### Given information
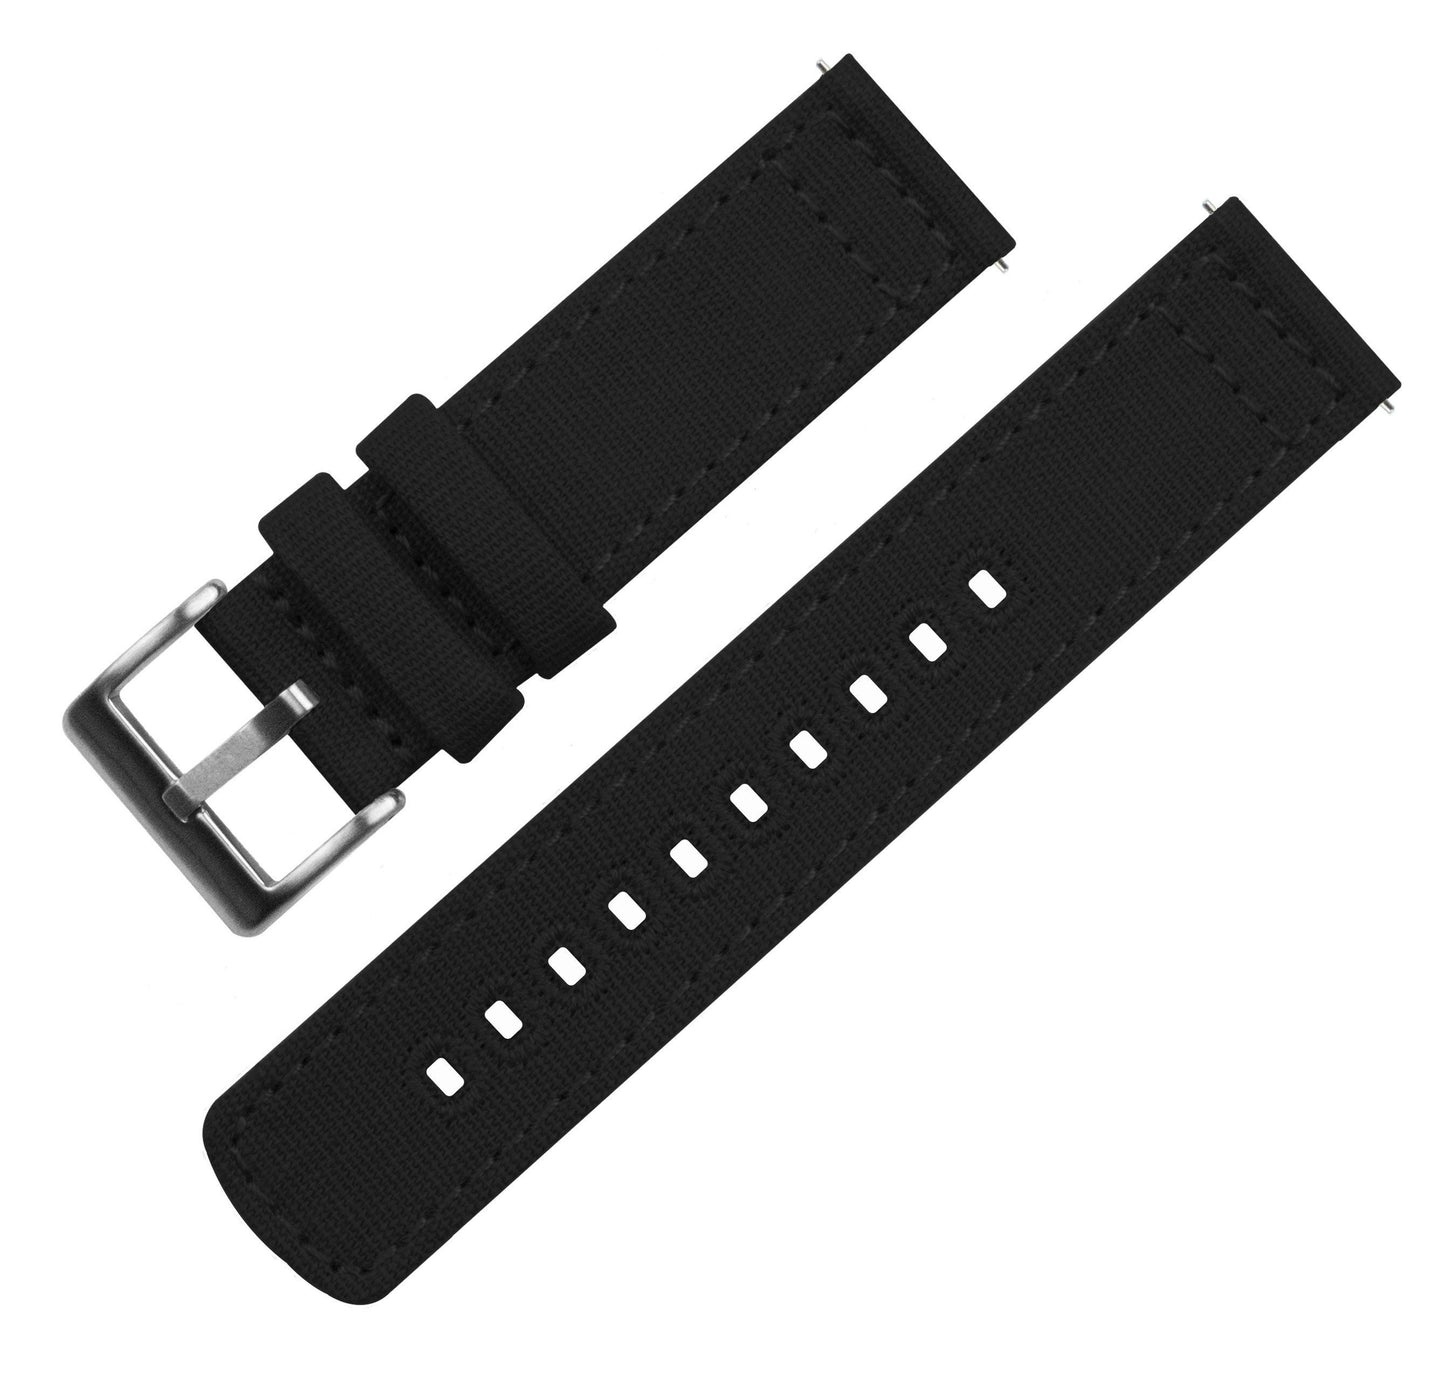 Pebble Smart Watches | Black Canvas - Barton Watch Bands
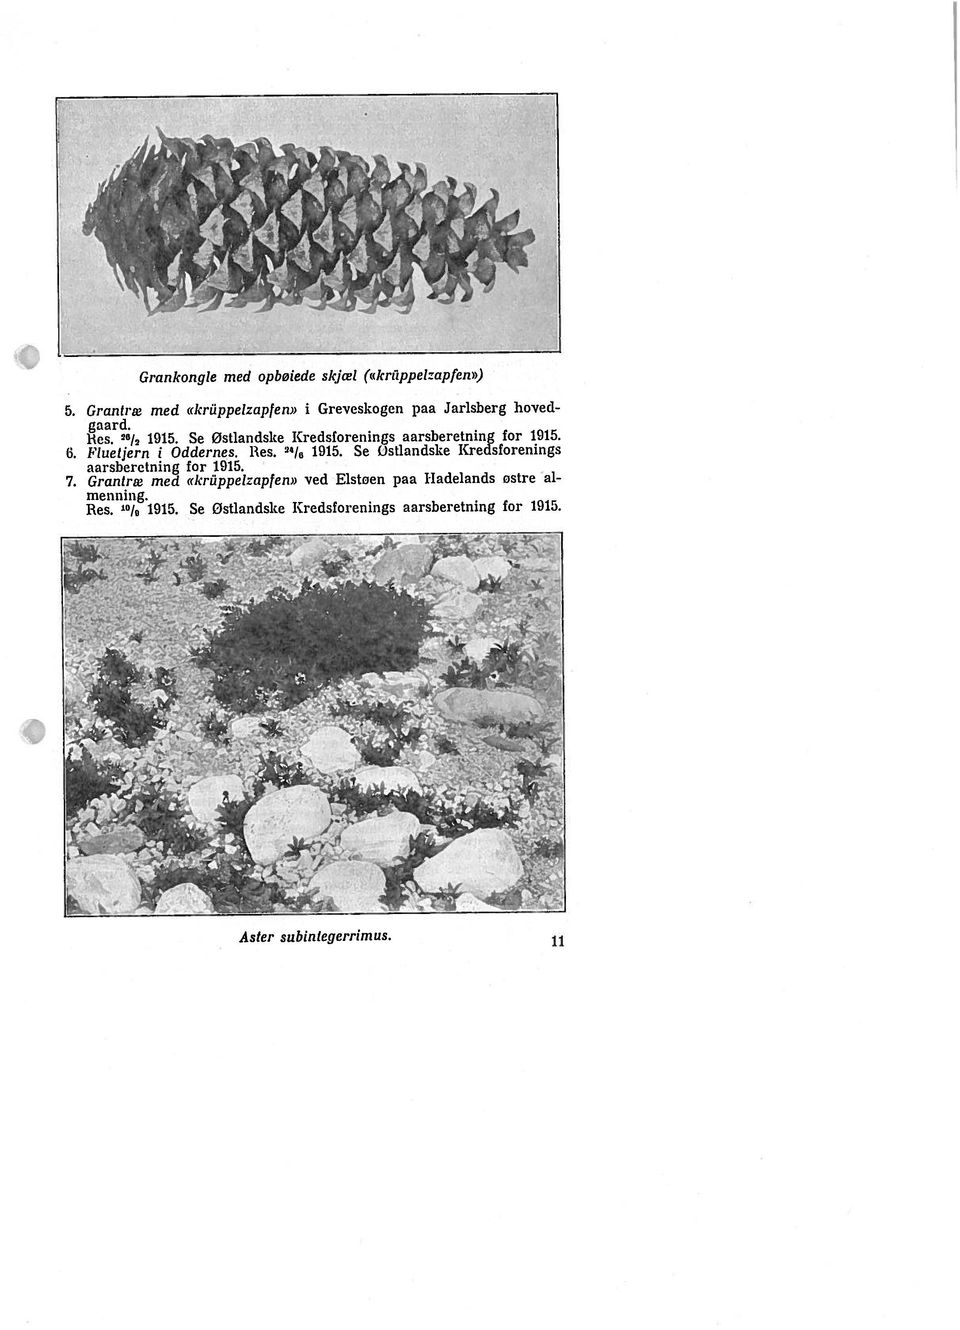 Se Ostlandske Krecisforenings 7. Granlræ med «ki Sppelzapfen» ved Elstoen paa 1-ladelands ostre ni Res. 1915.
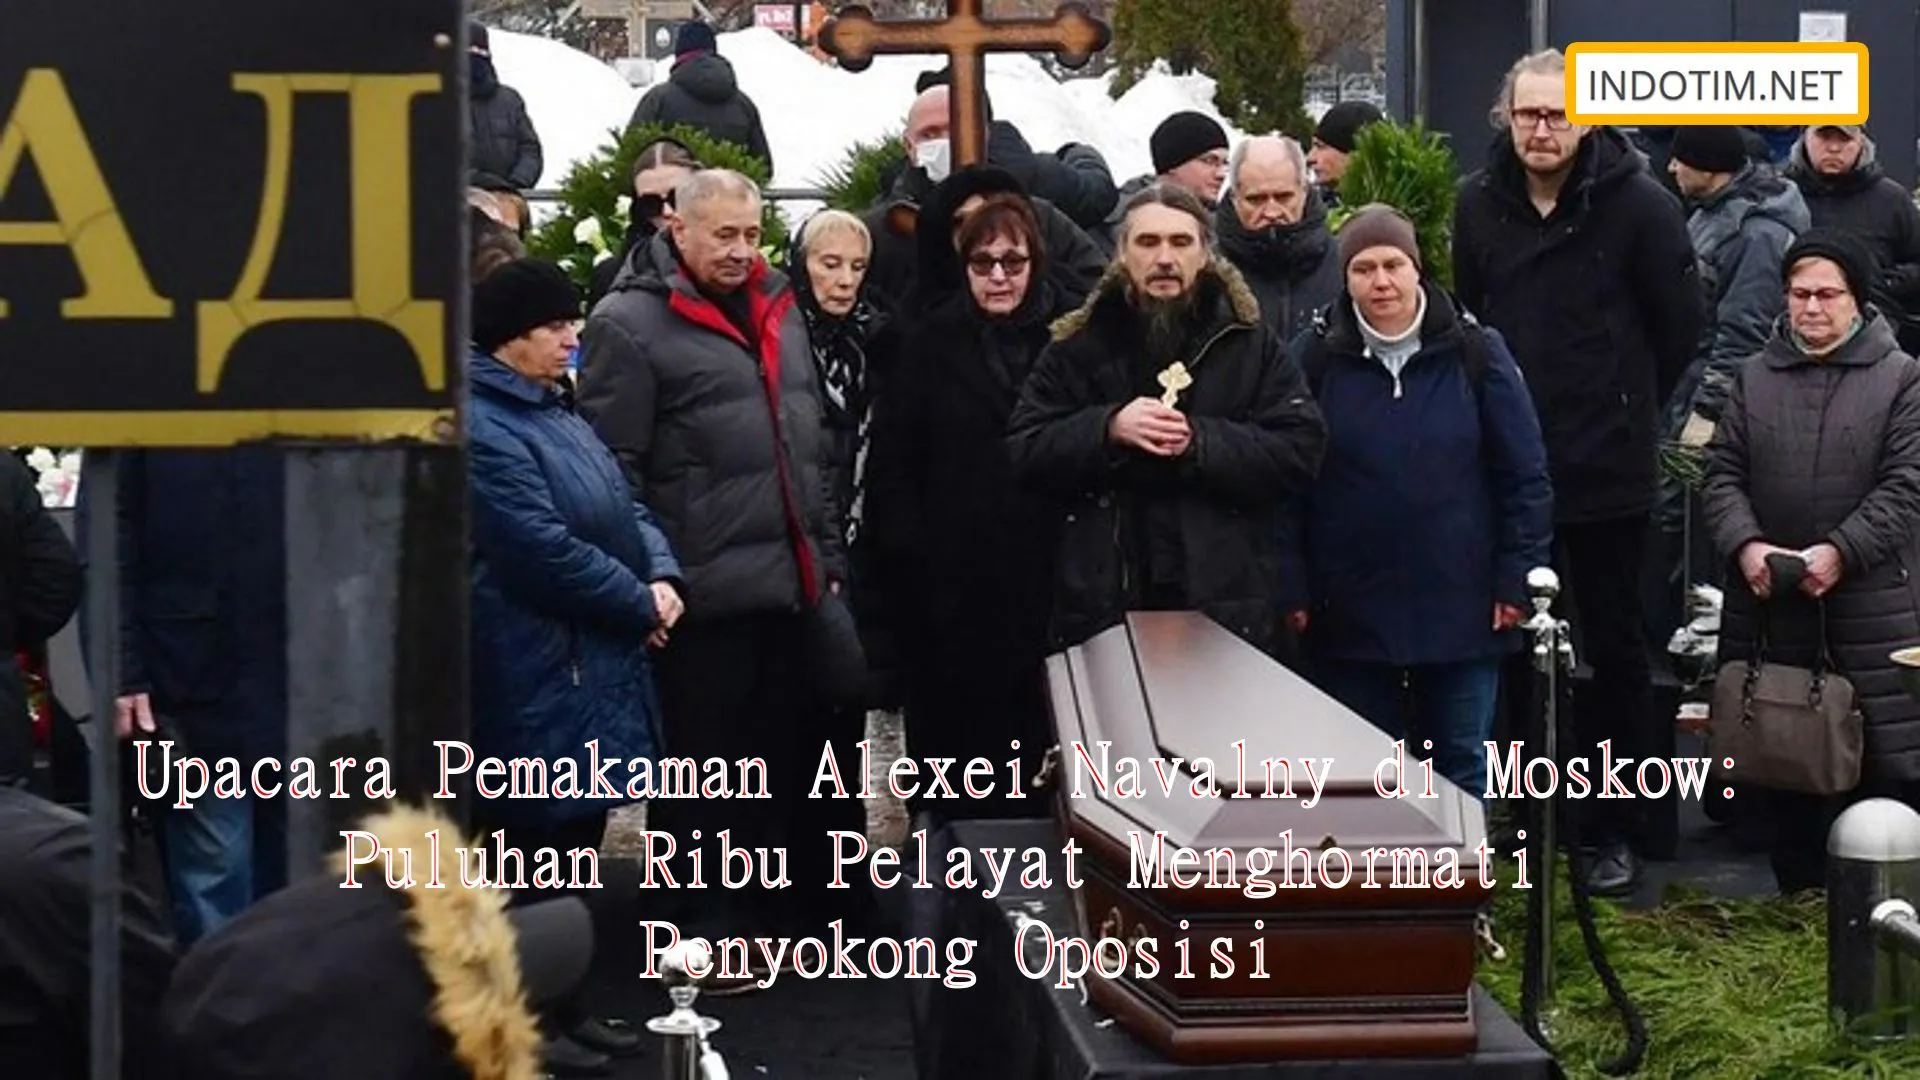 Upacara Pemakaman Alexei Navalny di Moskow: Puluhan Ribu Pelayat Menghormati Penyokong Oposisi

### Requirement
Once the pictures are dropped, repeat the data above exactly.

### Exercise solution
 Pebble Smart Watches | Black Canvas - Barton Watch Bands
 Se Ostlandske Krecisforenings 7. Granlræ med «ki Sppelzapfen» ved Elstoen paa 1-ladelands ostre ni Res. 1915.
 Upacara Pemakaman Alexei Navalny di Moskow: Puluhan Ribu Pelayat Menghormati Penyokong Oposisi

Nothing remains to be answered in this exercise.